Batch Predictions¶

Create a Prediction Table¶

client = fb.Configurations().get_client()

response = client.post(
    f"/ml_model/{ml_model_id}/prediction_table",
    json={
        "request_input": {
            "request_type": "observation_table",
            "table_id": observation_table_id,
        },
        "include_input_features": False,
    },
)

task_id = response.json()["id"]
task = wait_for_task(client, task_id)

# Get the prediction table ID from the completed task
prediction_table_id = task.get("payload", {}).get("output_document_id")

Parameters:

Parameter	Type	Required	Description
`request_input`	object	Yes	Specifies the input data for predictions
`request_input.request_type`	string	Yes	Input type: `"observation_table"`
`request_input.table_id`	string	Yes	ID of the observation table to predict on
`include_input_features`	boolean	No	Include computed feature values in the output (default: `false`)
`include_shap_values`	boolean	No	Include SHAP values for each prediction (default: `false`)
`normalize_shap_values`	boolean	No	Normalize SHAP values (default: `false`, only applies when `include_shap_values` is `true`)

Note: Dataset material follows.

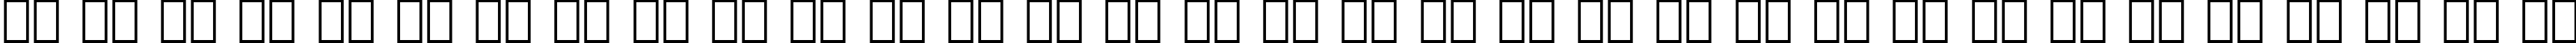 Пример написания русского алфавита шрифтом Zurich Black Extended BT

Check for Existing Predictions¶

Before creating new predictions, check if they already exist:

response = client.get(
    "/catalog/prediction_table",
    params={"ml_model_id": ml_model_id, "page_size": 100},
)

for pt in response.json().get("data", []):
    request_input = pt.get("request_input", {})
    if request_input.get("table_id") == observation_table_id:
        prediction_table_id = pt["_id"]
        break

Download Predictions¶

Download the prediction table as a Parquet file:

import io
import pyarrow.parquet as pq

response = client.get(
    f"/prediction_table/parquet/{prediction_table_id}",
    stream=True,
)

buffer = io.BytesIO()
for chunk in response.iter_content(chunk_size=8192):
    if chunk:
        buffer.write(chunk)
buffer.seek(0)

predictions_df = pq.read_table(buffer).to_pandas()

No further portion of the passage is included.